Too bad you don't have to prove that your method works to get a patent on it. 90% of patents filed are people on a fishing expidition hoping to cash in when someone else eventually does get the thing working. (If ever.)


----------



## NoIdea (Jul 2, 2013)

Howdy Do-dy All, ah my favorite topic 8) .

I, many years ago made a electric pyrolysis unit, the gas I pumped into old car inner tubes and the liquid was condensed and later fractionally distilled, the liquid distillate, BP in the same range (I forget) as car petrol, was mixed with 20% mentholated sprites and used to run my lawn mower with great results.

It is, as mentioned, very important to keep a positive pressure within the unit; large systems are more susceptible to mishaps than smaller ones.

One of the main reasons I now feed all gas/liquid products straight into a burner is to prevent air entering the system, I have yet to have any explosions or anything close to it, and I am not covered in soot either :mrgreen: 

It’s one thing reading about it, an entirely different thing doing it.

Cheers

Deano


----------



## bswartzwelder (Jul 3, 2013)

Hi Deano,

I have always enjoyed your posts. They have been informative and yet, you kept the subject interesting. I am in the process of building a small (very small) pyrolyzer/incinerator unit. It will be two pieces with the pyrolyzer chamber sitting 1.25 inches above the combustion chamber. Without going into all the details, most of it will be made from 1/4 inch plate steel with all corners welded. The size will be approximately 10.625 inches square and the inside of the combustion chamber will be lined with firebricks. There will be 2 parallel pipes run across the bottom and through the wall at the lower end of the combustioin chamber. They will have a series of holes to allow/force air into the combustion chamber. I will use a blow dryer for my supply of extra air for the combustion chamber. The entire top of the combustion chamber will be open to the atmosphere so all the hot gasses from the burning charcoal can exit with little obstruction. There should be no way for pressure to build up inside the combustion chamber. There will also be a hole in the combustion chamber with a pipe running through it to accept gasses from the upper unit. On the outside, the gas piping will be terminated in an open socket. (More on this later.) The toxic gasses will then be introduced to the burning charcoal and hopefully the toxic gasses will be rendered harmless.

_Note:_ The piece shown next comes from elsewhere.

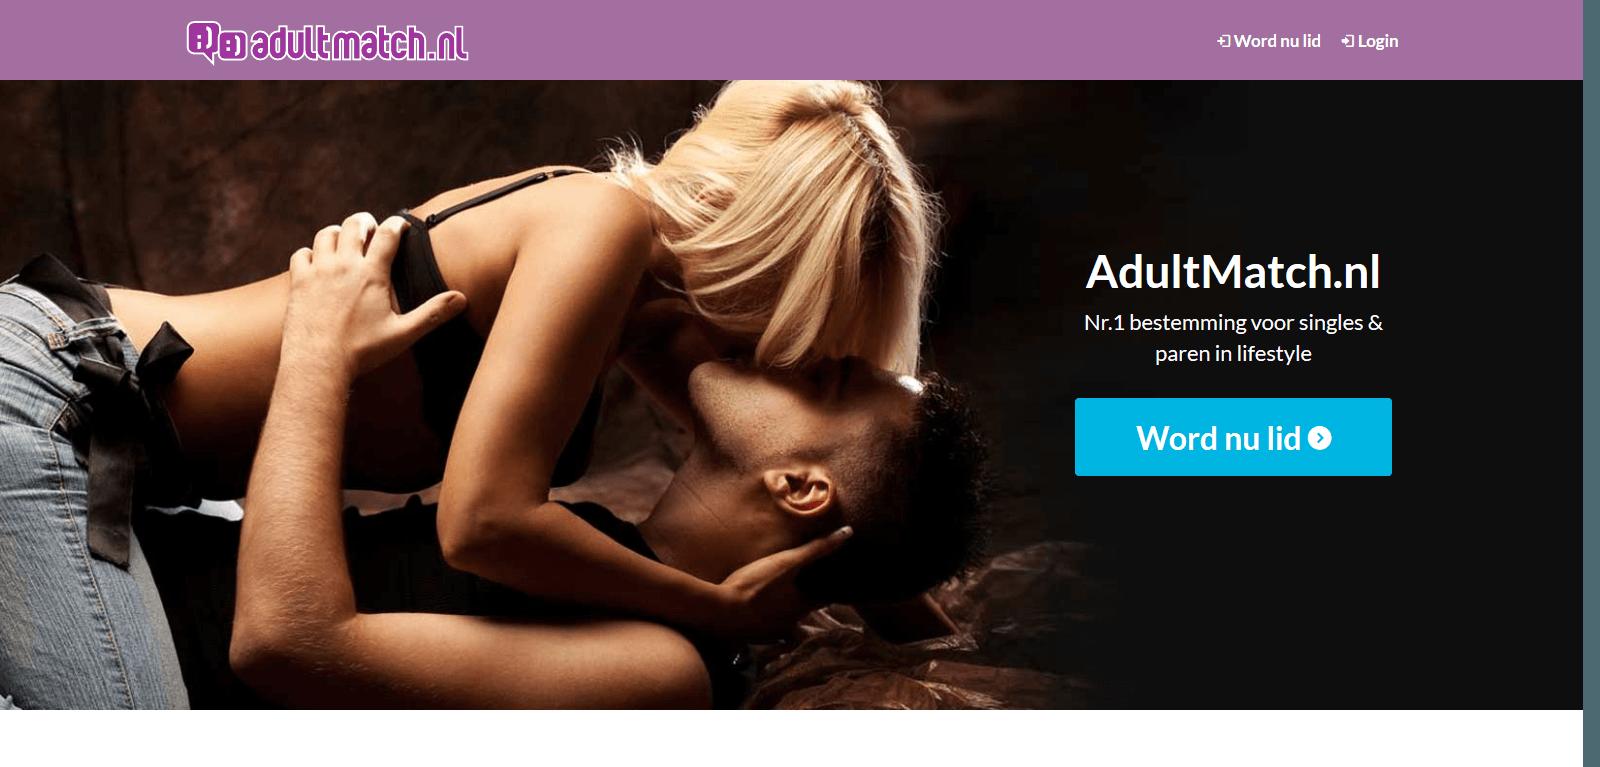 Lesbische singles dating online
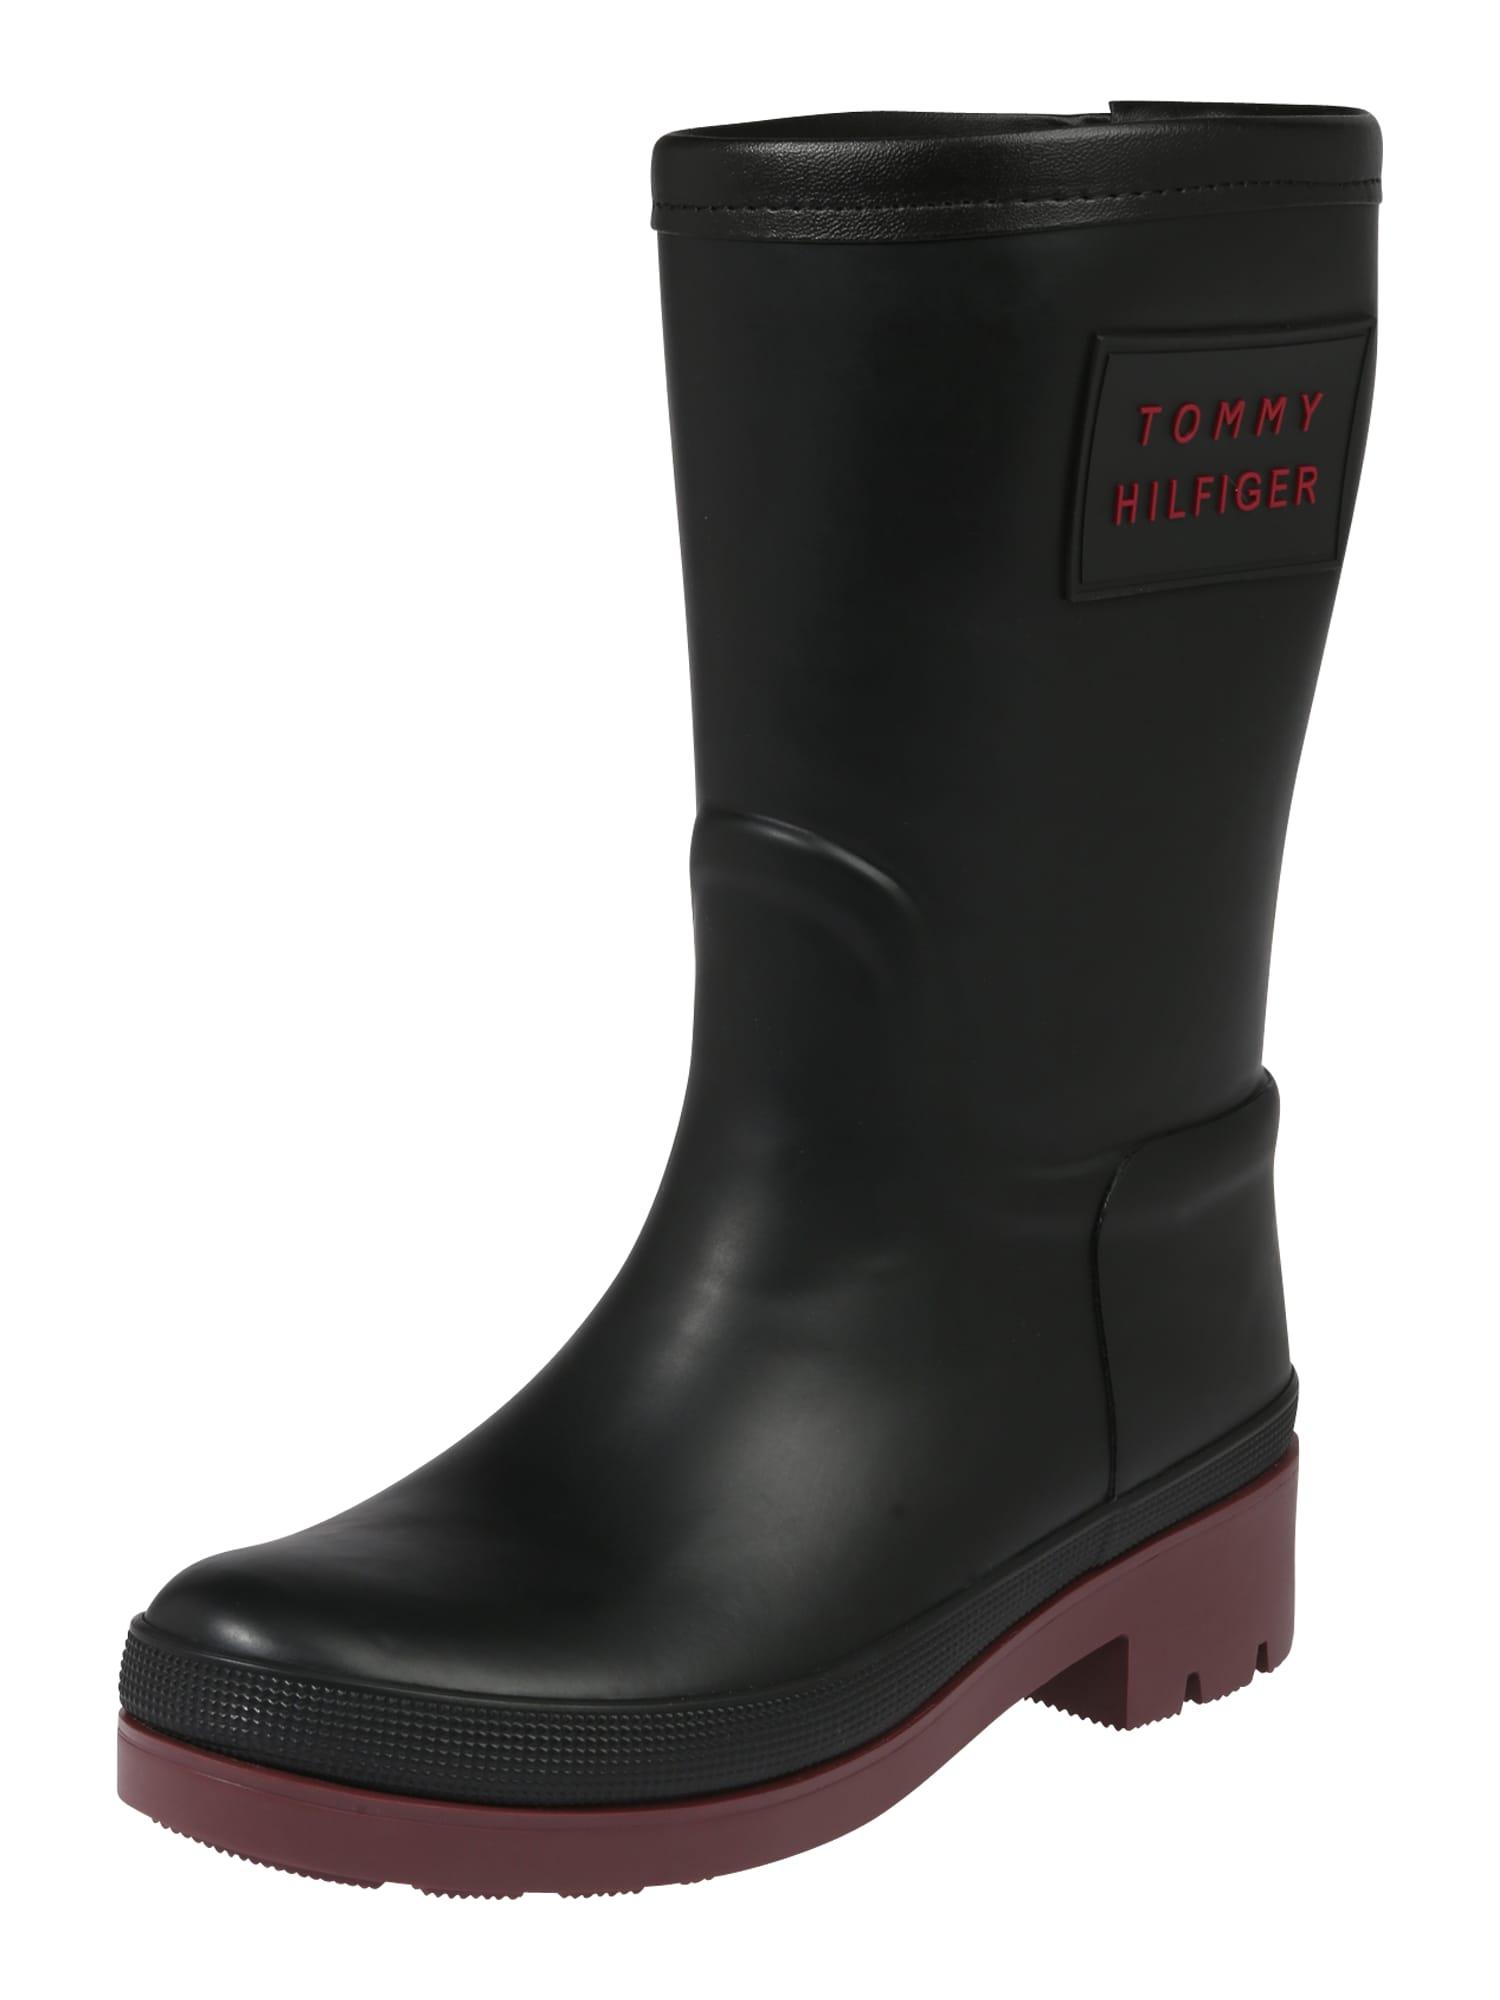 Damen Tommy Hilfiger Stiefel 'WARMLINED RAINBOOT' schwarz   08719859205260

Approximanetly 1.25 inches above the combustion chamber will be the pyrolysis chamber. It will also be a square steel box (all 1/4 inch welded steel) with a lid which will be held on by approximately 8 or 12 bolts with nuts. I plan to drill a hole in the center of the lid and weld a black iron elbow to it. From there, I will run the pipe over to the edge of the unit and down the side. The open end of the pipe will fit snugly into the socket which feeds into the combustion chamber. 

You said it is very important to keep a positive pressure within the unit. I am confused a little by this. Where in your design, do you need to keep a positive pressure? If the combustion chamber is under pressure, it could explode. A buildup of pressure in the pyrolysis chamber would not allow the gasses to off vent back into the combustion chamber. If pressure builds up in the pyrolysis unit, wouldn't it also be susceptible to explosion? 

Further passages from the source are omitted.